## Instructions for the task
Return the whole listing unchanged. Drop the images.

--- Supplied material ---

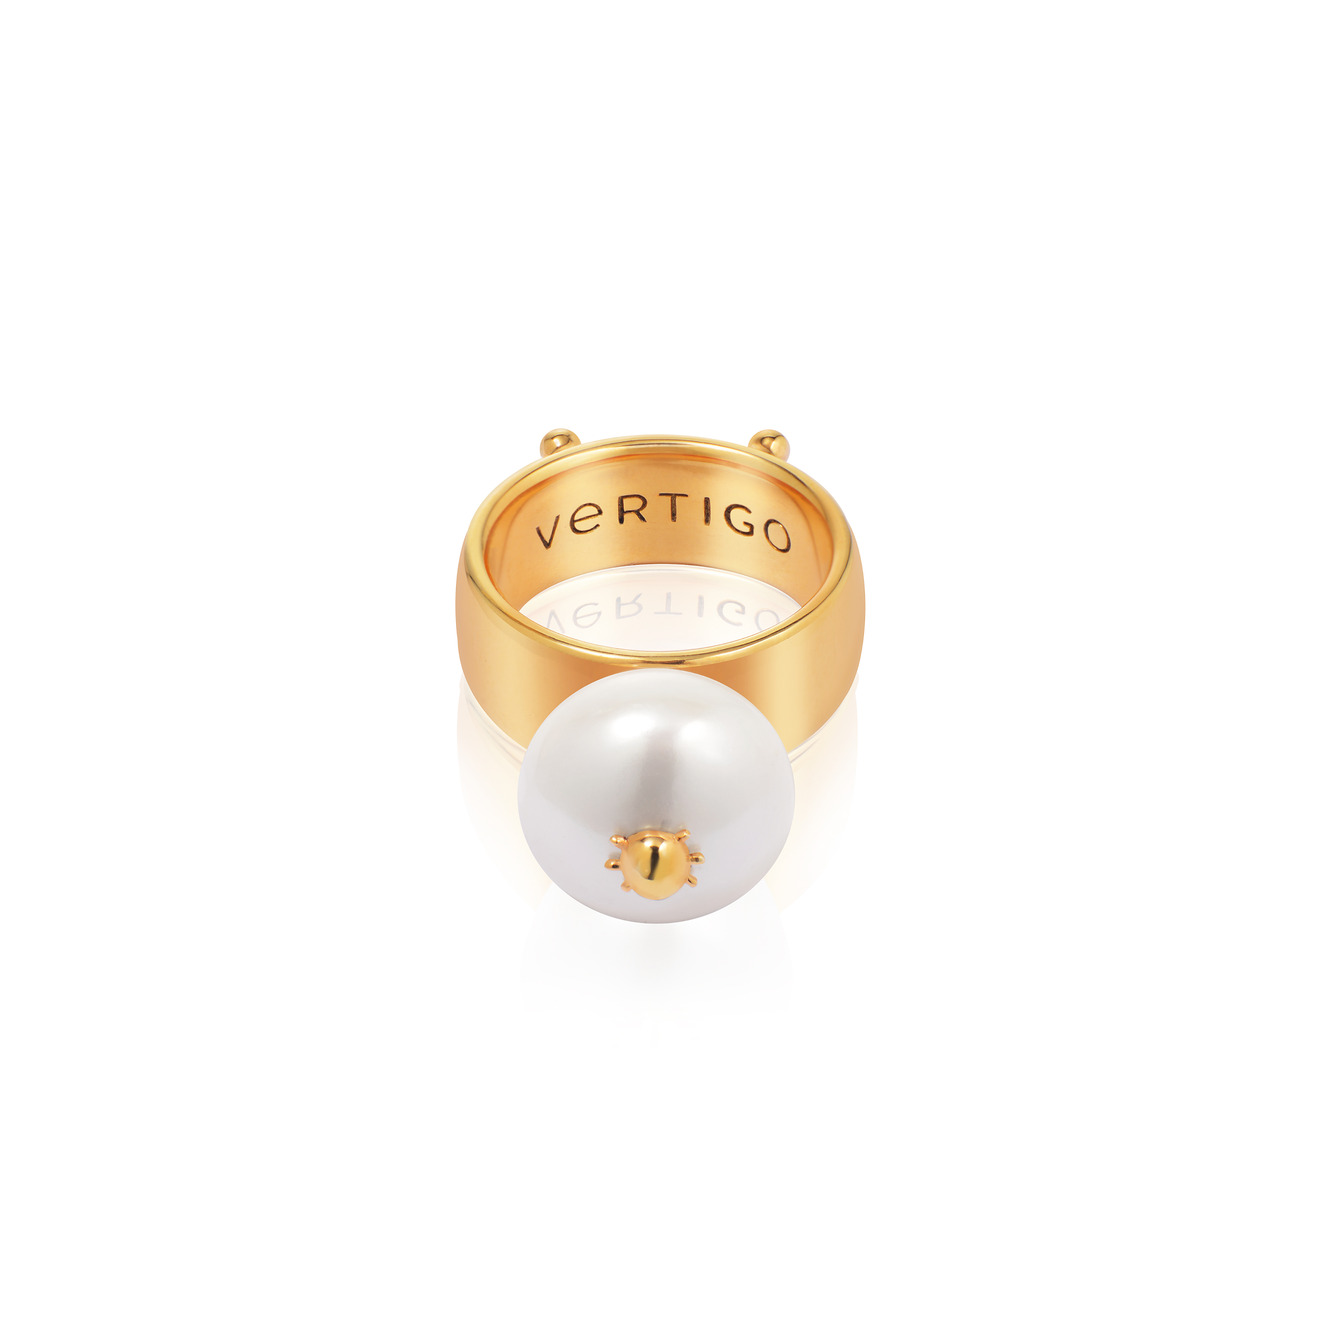 Vertigo Jewellery Lab Позолоченное кольцо СLEOPTR LADYBUG RING из серебра с речным жемчугом vertigo jewellery lab позолоченный браслет bug pearl из серебра с жемчугом
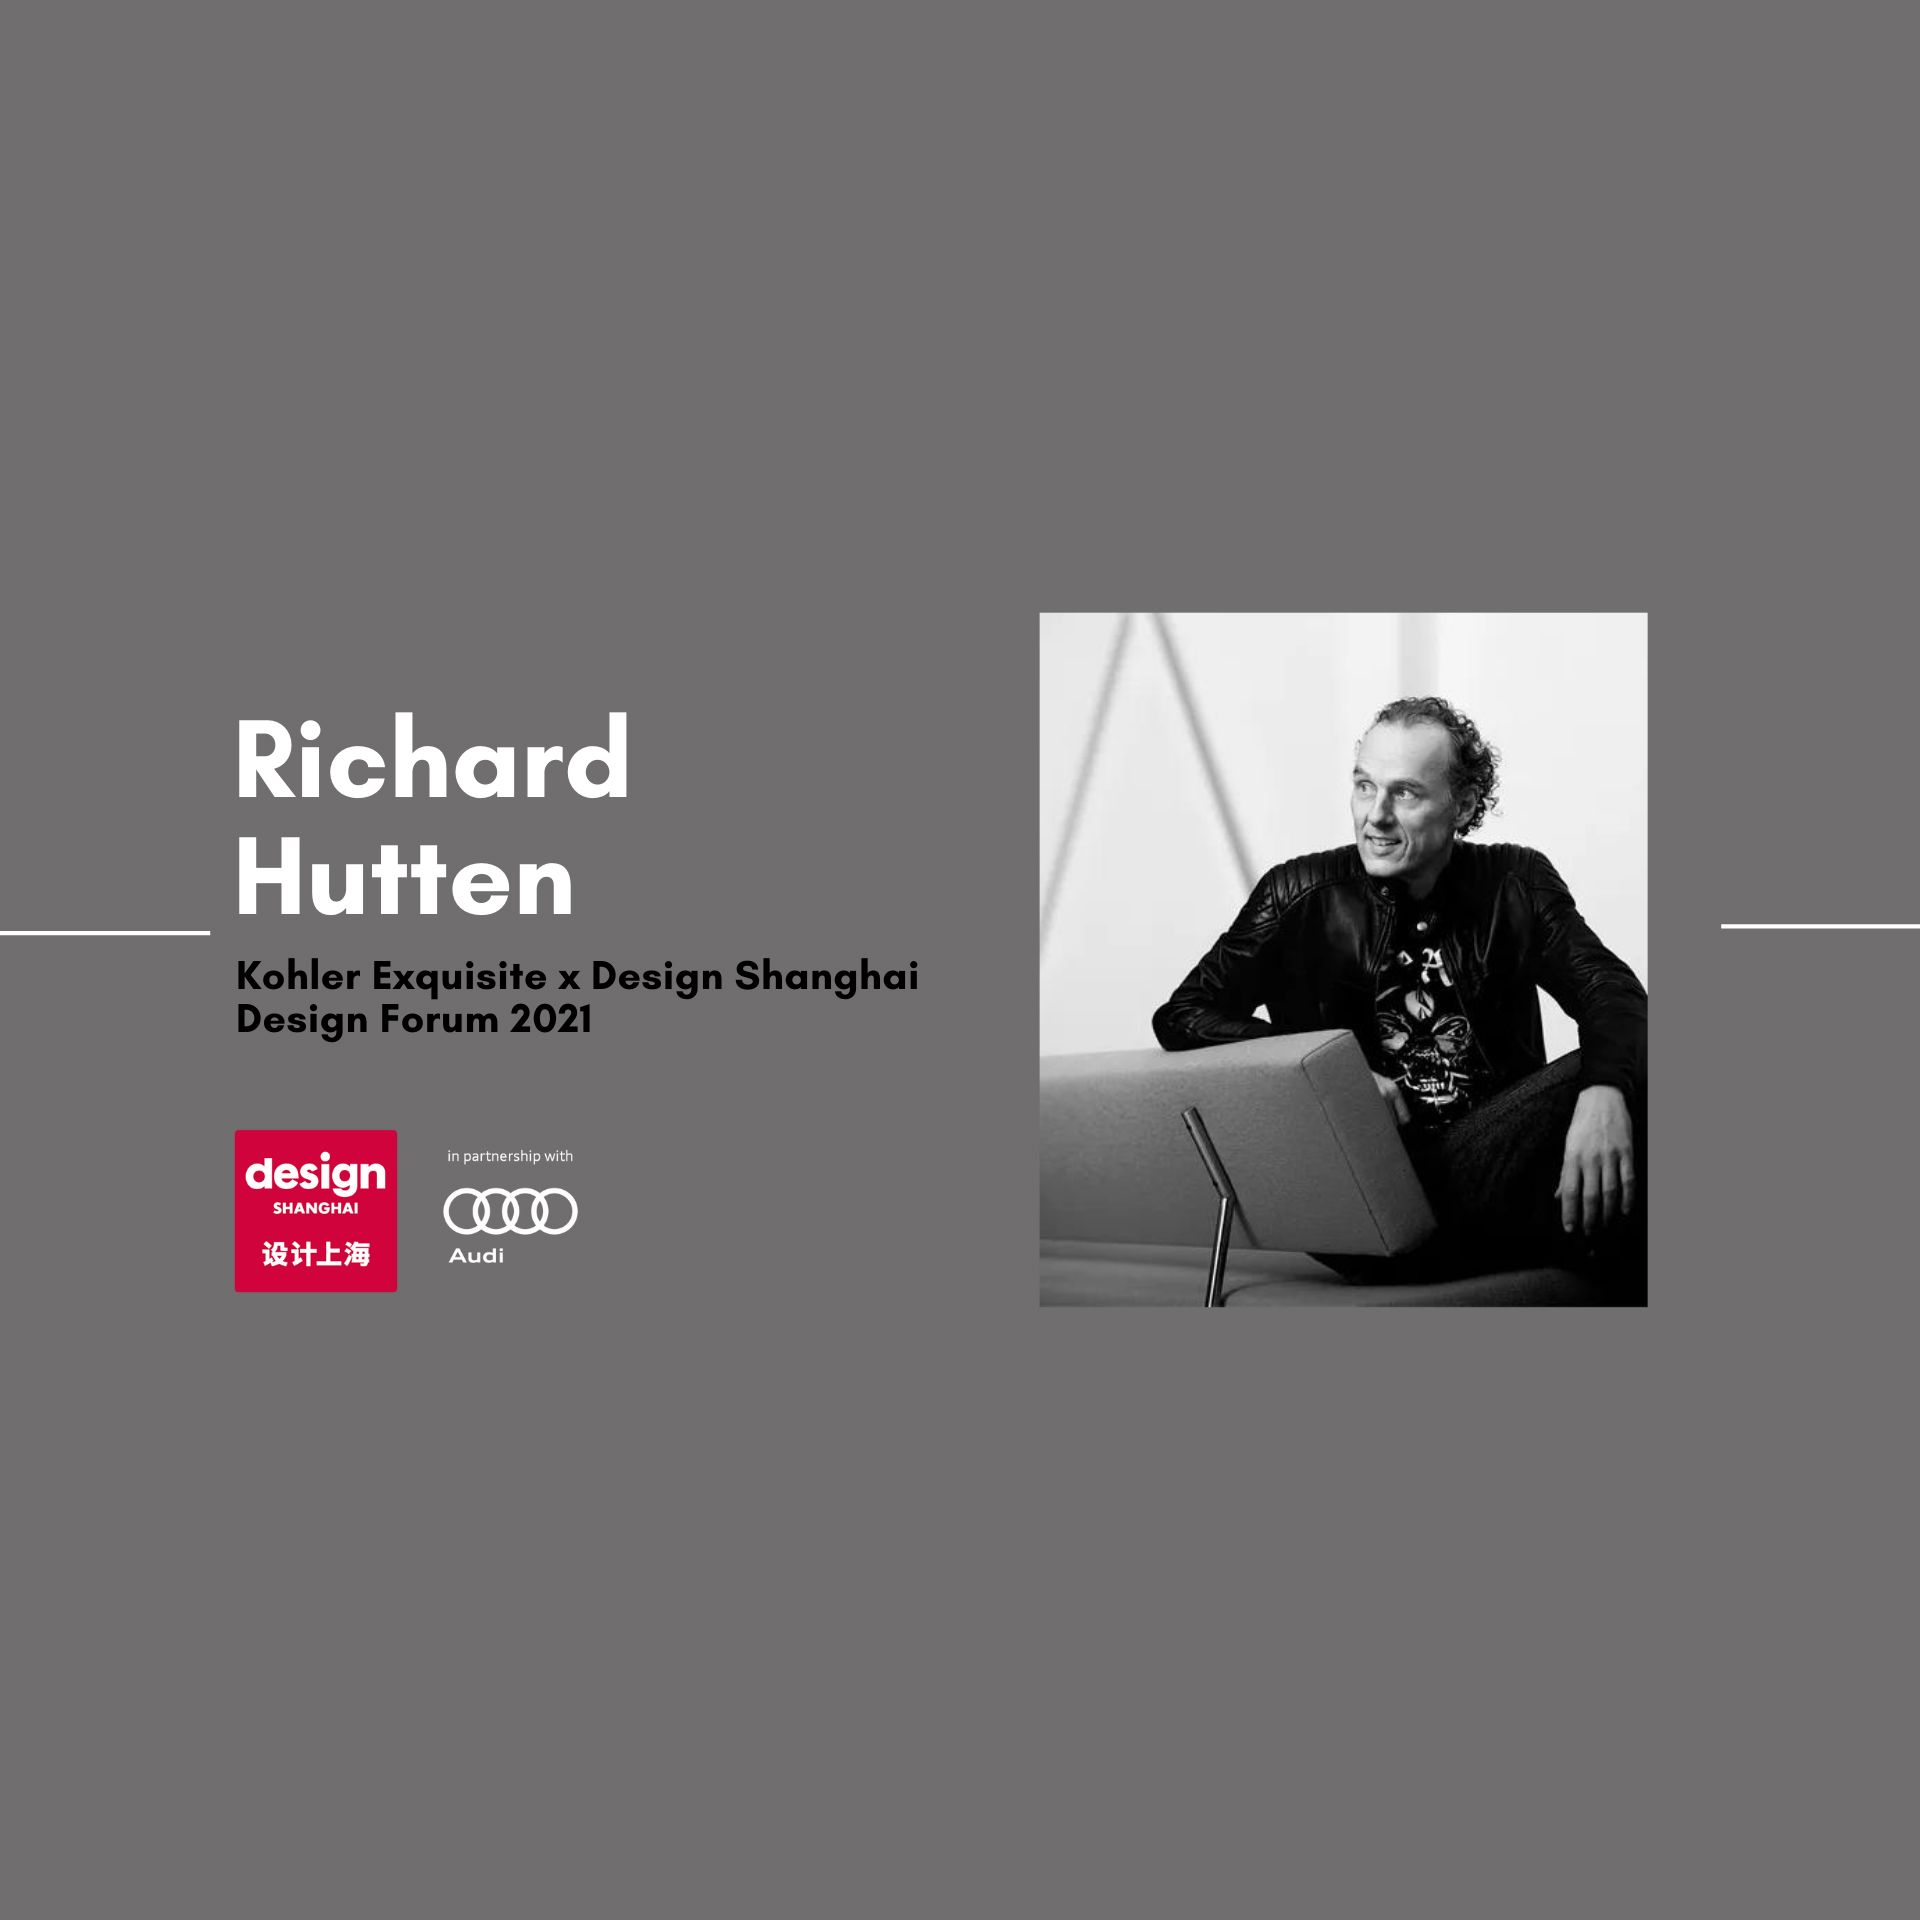 RICHARD HUTTEN: NO SIGN OF DESIGN
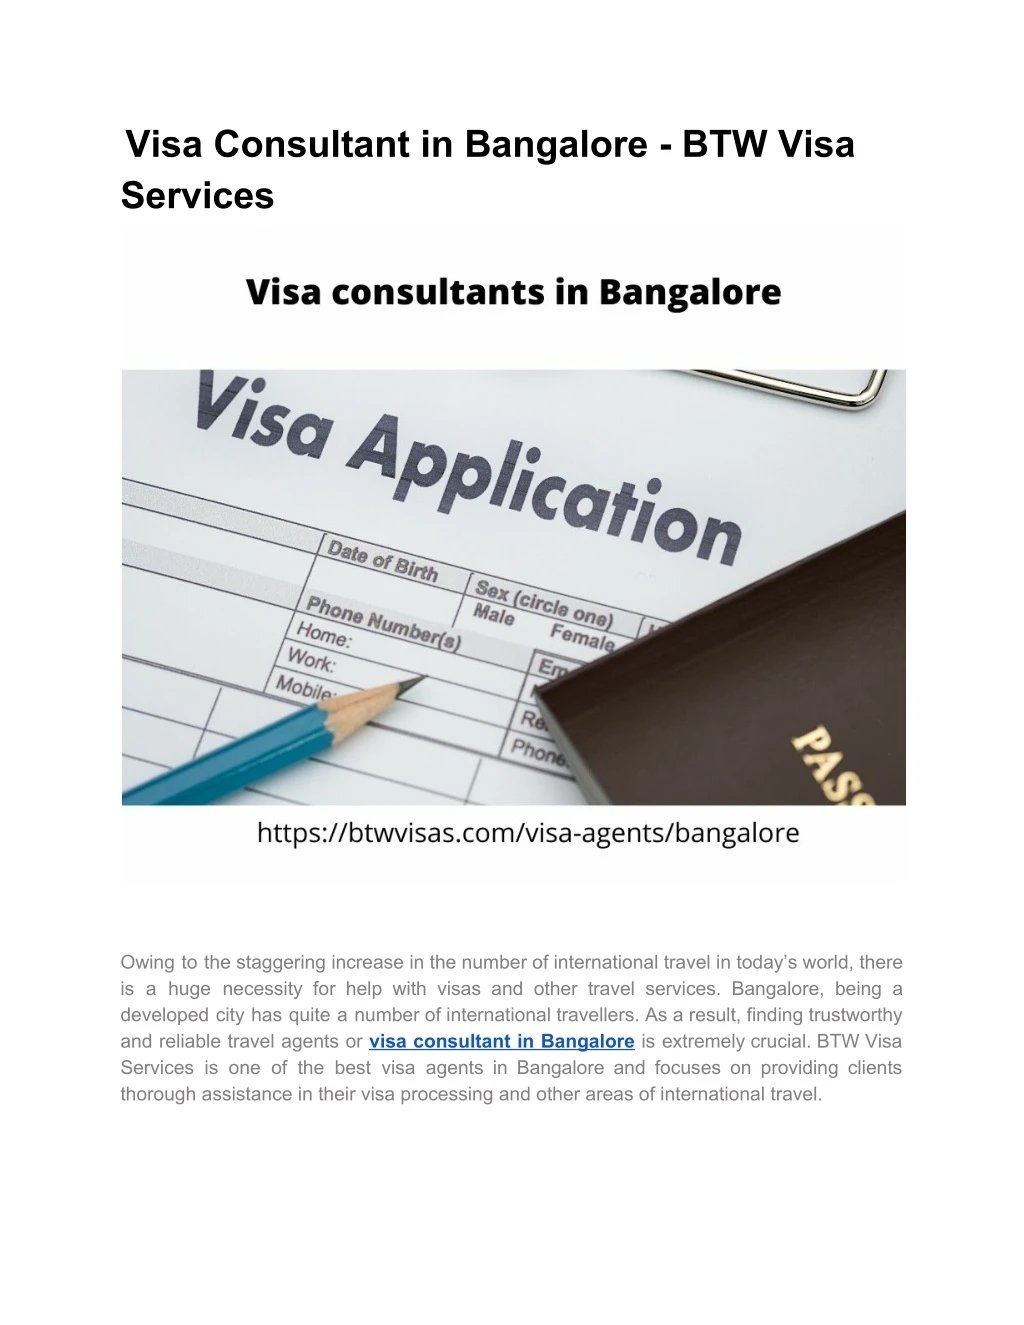 visa consultant in bangalore btw visa services

---

## Written response
 Vertigo Jewellery Lab Позолоченное кольцо СLEOPTR LADYBUG RING из серебра с речным жемчугом vertigo jewellery lab позолоченный браслет bug pearl из серебра с жемчугом
 RICHARD HUTTEN: NO SIGN OF DESIGN
 visa consultant in bangalore btw visa services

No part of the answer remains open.